12. Finally, and it really peeves me to have to say this, we don't know the race of the victim. We know the race of the perpetrators; they're all black, look like gangstas, and several of them already have lengthy adult criminal records. But in the worst of the mall ninja commentaries on this case — the posts that seemingly come from fellows upset that the dry cleaners couldn't get the soot stains from the last cross-burning out of their hoods — it's plainly assumed the victim and his family are white, and that this is a black-on-white gang crime.
That assumption can't be supported. Valleyfair draws customers from all over the metro area. The police have not released the names of the victim or his family, for fear of witness intimidation. (Good, hope that works, 'cause right now there's another Minneapolis cop out on paid administrative leave because he got caught selling the names and addresses of police informants and confidential witnesses to a gang member for a benjamin a head.) But based on the speech markers in the few quotes from the victim's wife that have been printed in the paper, the victim and his family may very well be black, too. Does that change how you perceive the story?
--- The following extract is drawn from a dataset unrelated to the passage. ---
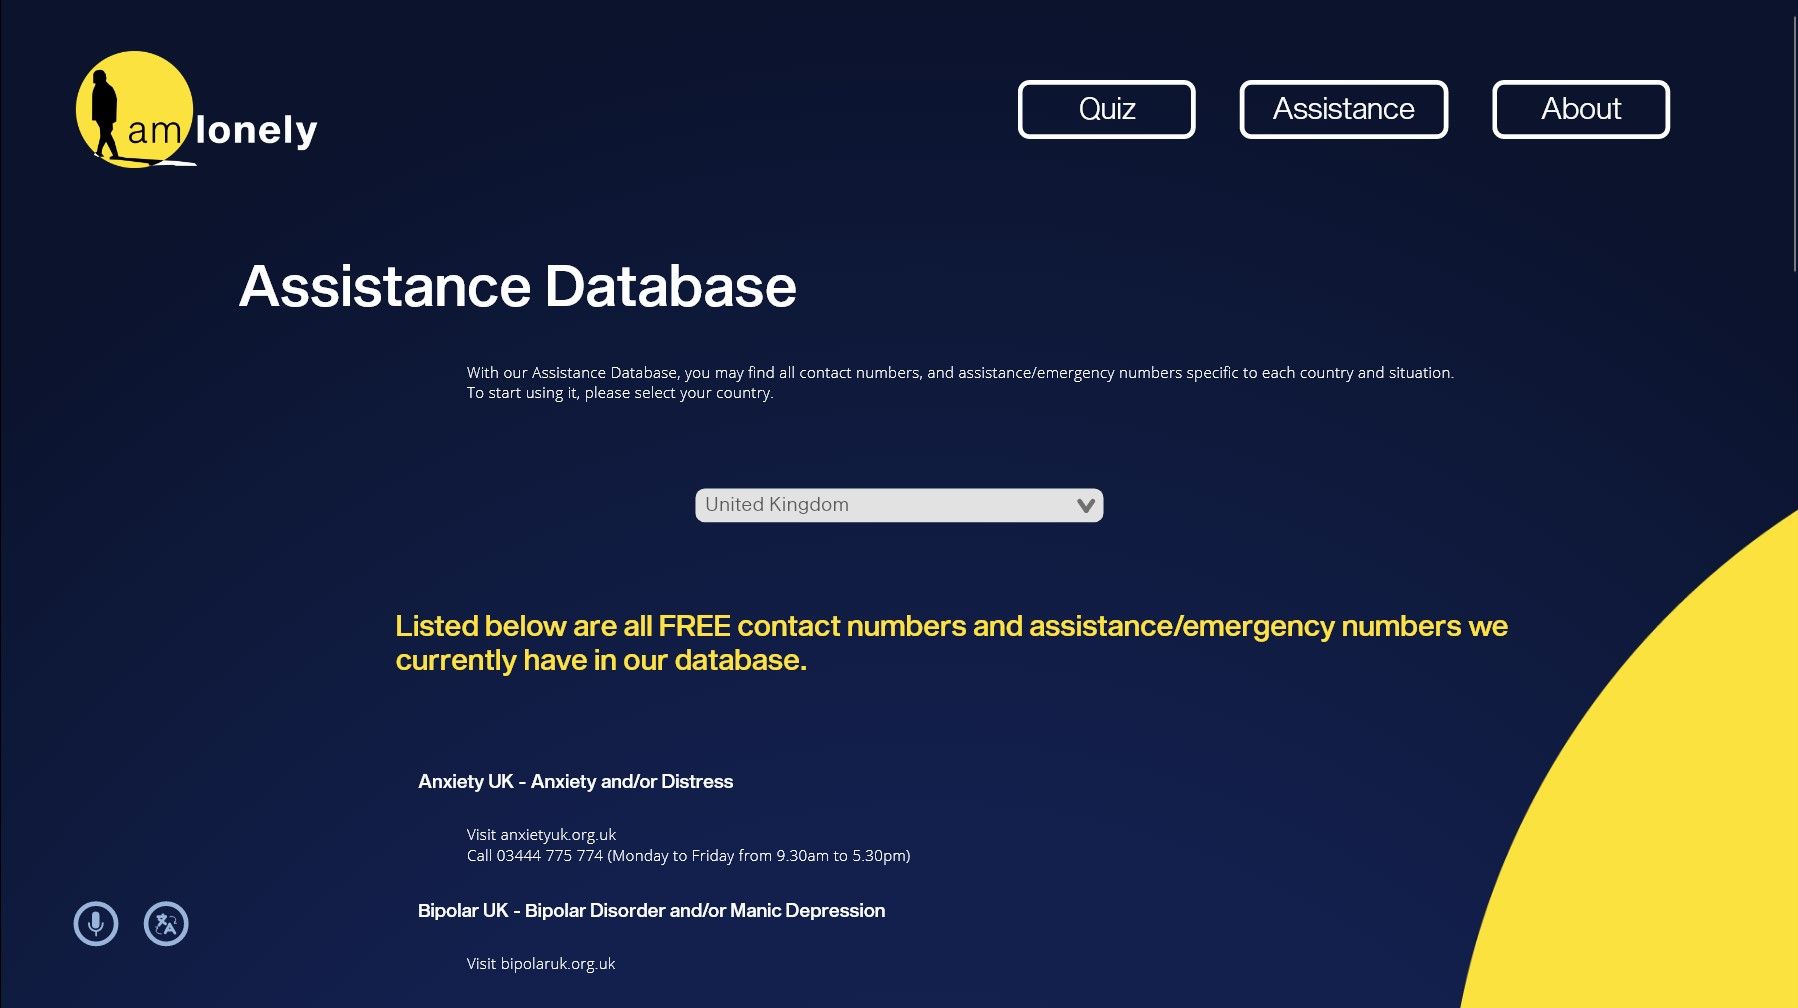 iamlonely Assistance Database

Or, here's another alternative. I've already heard a gentleman of color on one of the local radio stations explain that the way it's being told in his neighborhood is that there never was any sexual assault on the 12-year-old daughter in the first place. Rather, the victim and his family are white, true enough, but it was when mean old racist white daddy caught his little white blond-haired blue-eyed darling making out in the parking lot with the 14-year-old black boy that he started beating up the black kid, and it was only then that the older black men jumped in to defend their little brother.
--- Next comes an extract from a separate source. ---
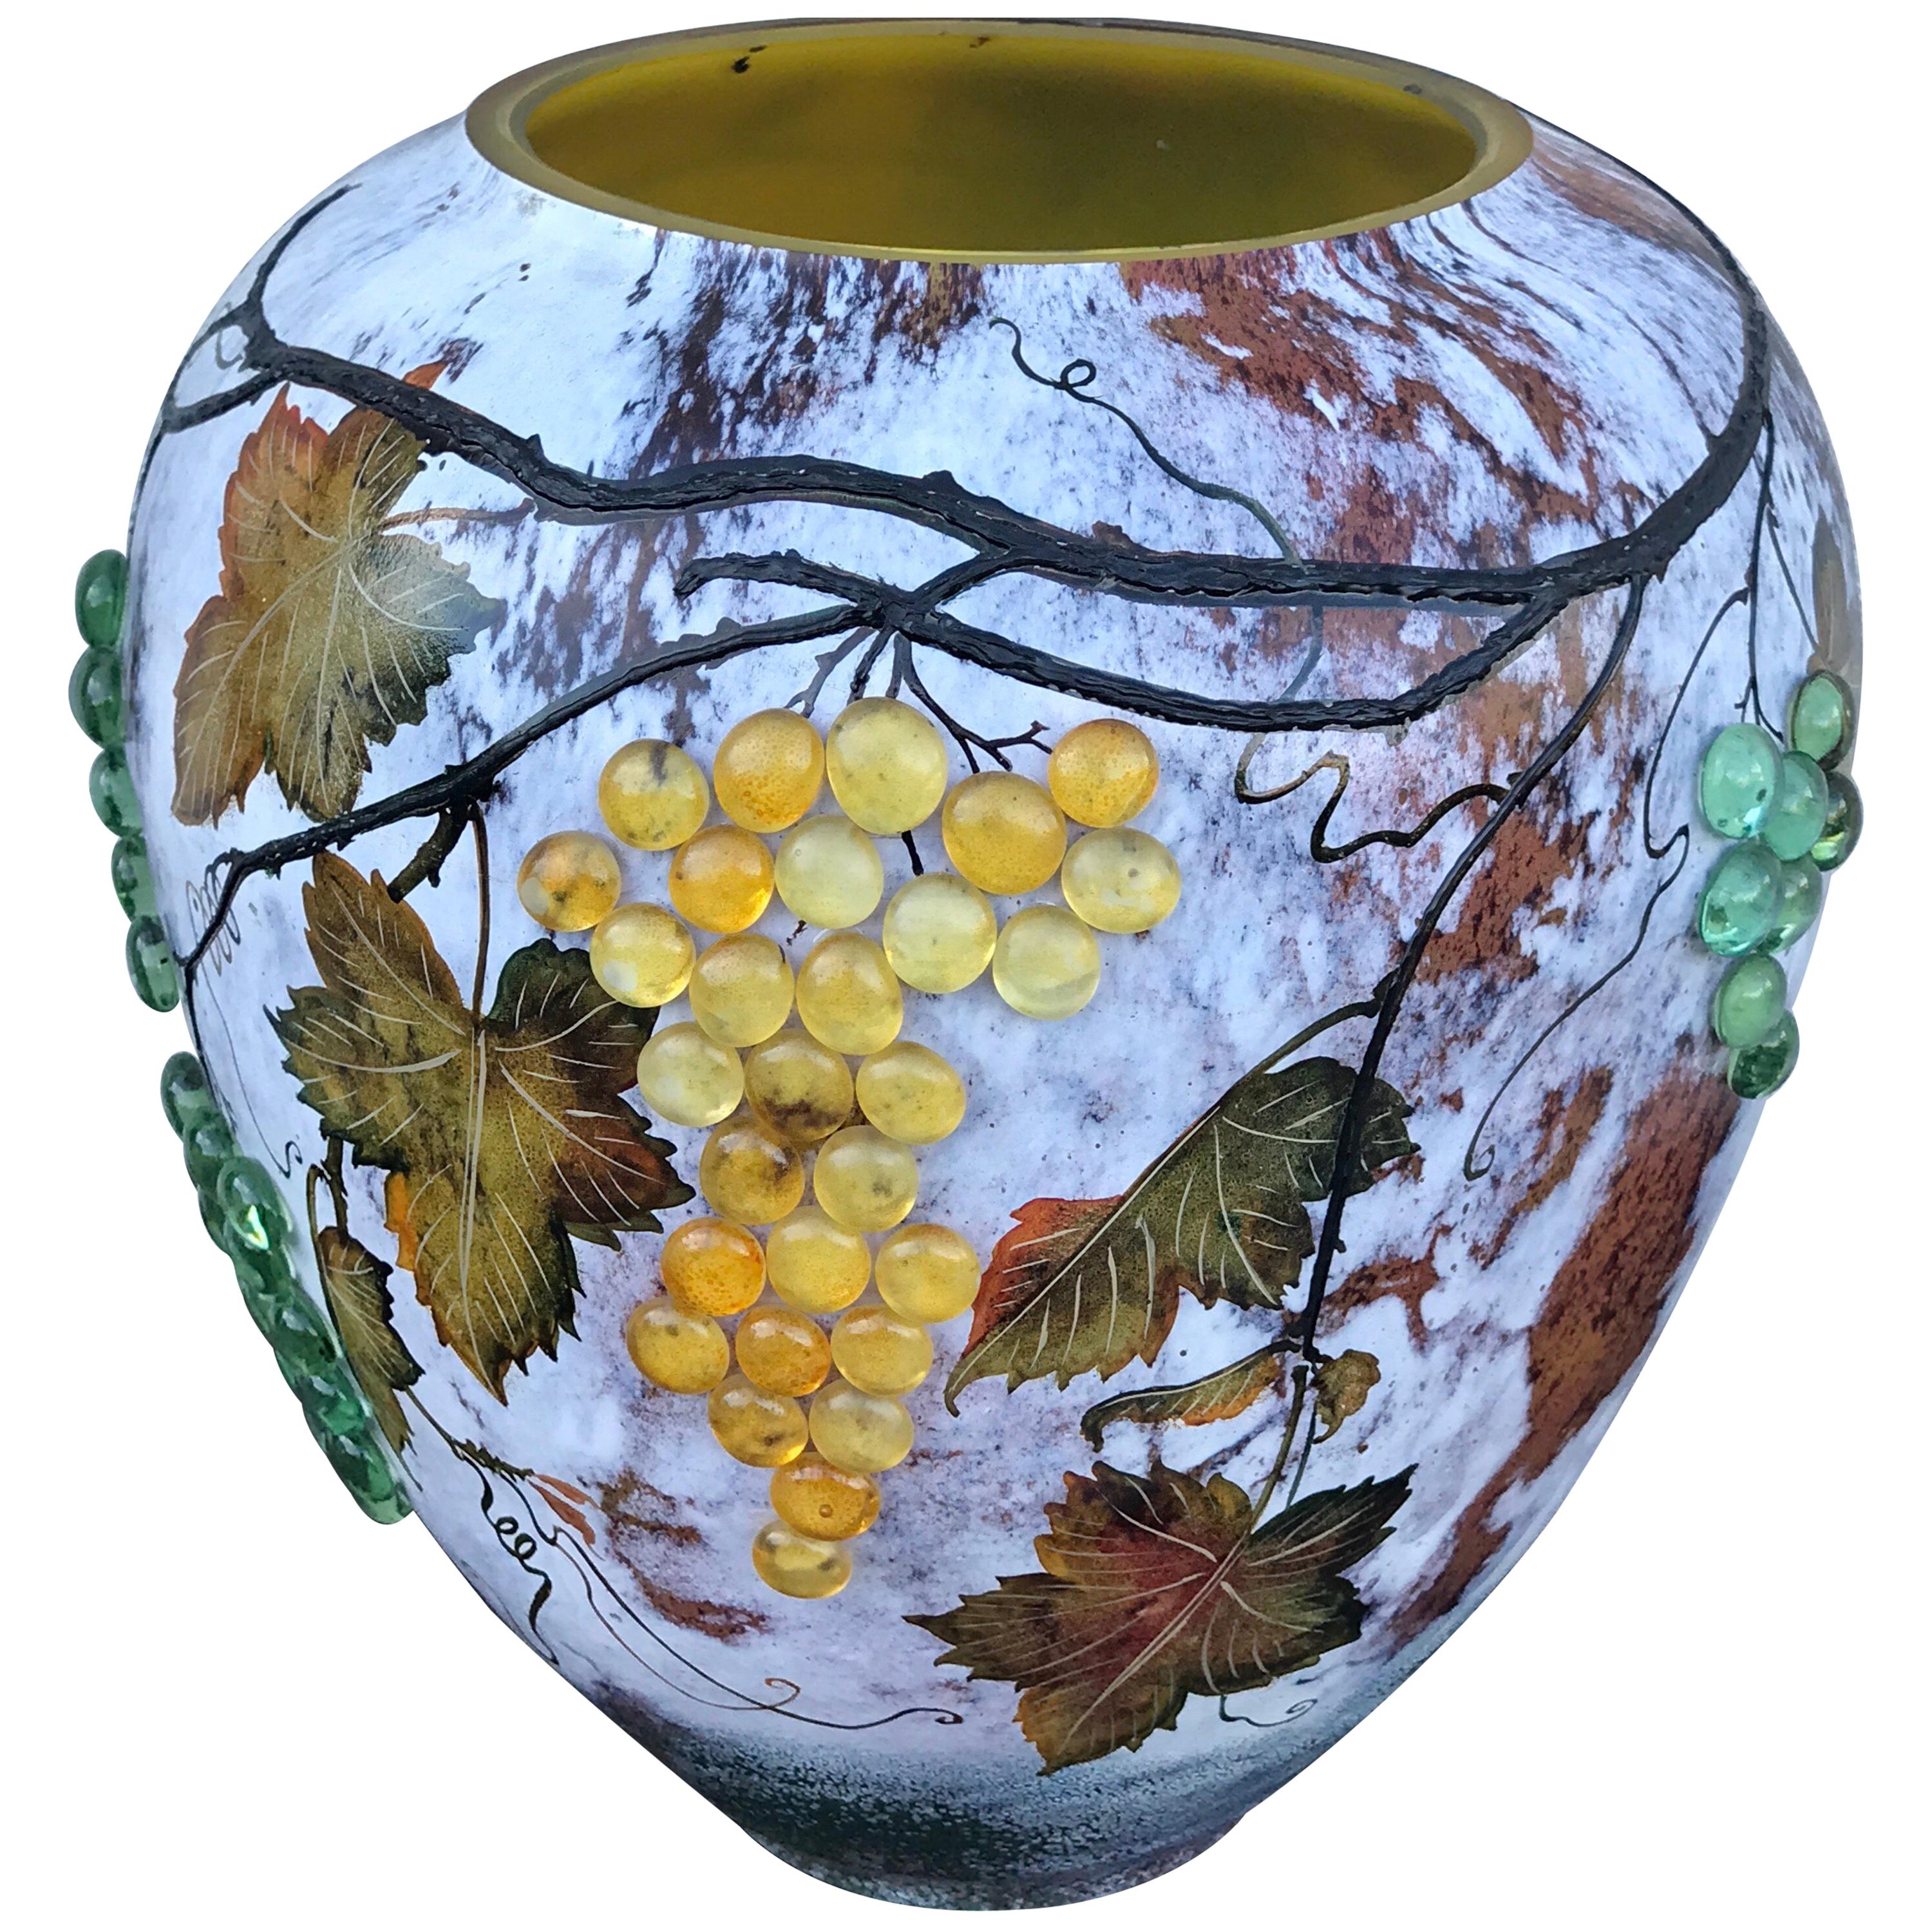 Grand vase en verre d'art avec raisins appliqués, d'après Daum Nancy

Personally, this last story sounds like a total crock of rancid dingo's kidneys to me and absolutely pegs my BS meter, but the point is, we weren't there. We don't know what really happened. So we all of this posturing and chest-pounding about what would have happened if we were there is just so much jacking-off.
This story doesn't have a clean ending. True crime stories rarely do. But now that I've laid out some ugly truths, let's think this through. You are with your wife and children, in the poorly lit parking lot of a popular amusement park, slightly after midnight. You have your cell phone in your pocket; you also have your favorite weapon of choice concealed on your person, and despite its being the 4th of July, you've been a good boy and haven't had a single alcoholic beverage all day. There are lots of people you don't know around, walking to their cars; when suddenly you hear a woman scream, and look to see a man you don't know falling to the ground, while being beaten and kicked by seven or eight thuggish-looking young black men. (It's hard to tell exactly how many are assaulting him because they're moving fast.) You can't see the man or his family well-enough to determine race: they might be white, they might be black, they might be Mexicans; heck, they might even be Muslims. Nobody else is doing anything except standing there gaping in horror. There isn't a single police officer or rentacop anywhere in sight. You don't know what happened thirty seconds before you arrived on the scene; at this exact moment, this is everything you know. Clearly, though, if you always wanted to be a Lone Hero, this is your big chance.
So, realistically, now: what do you do?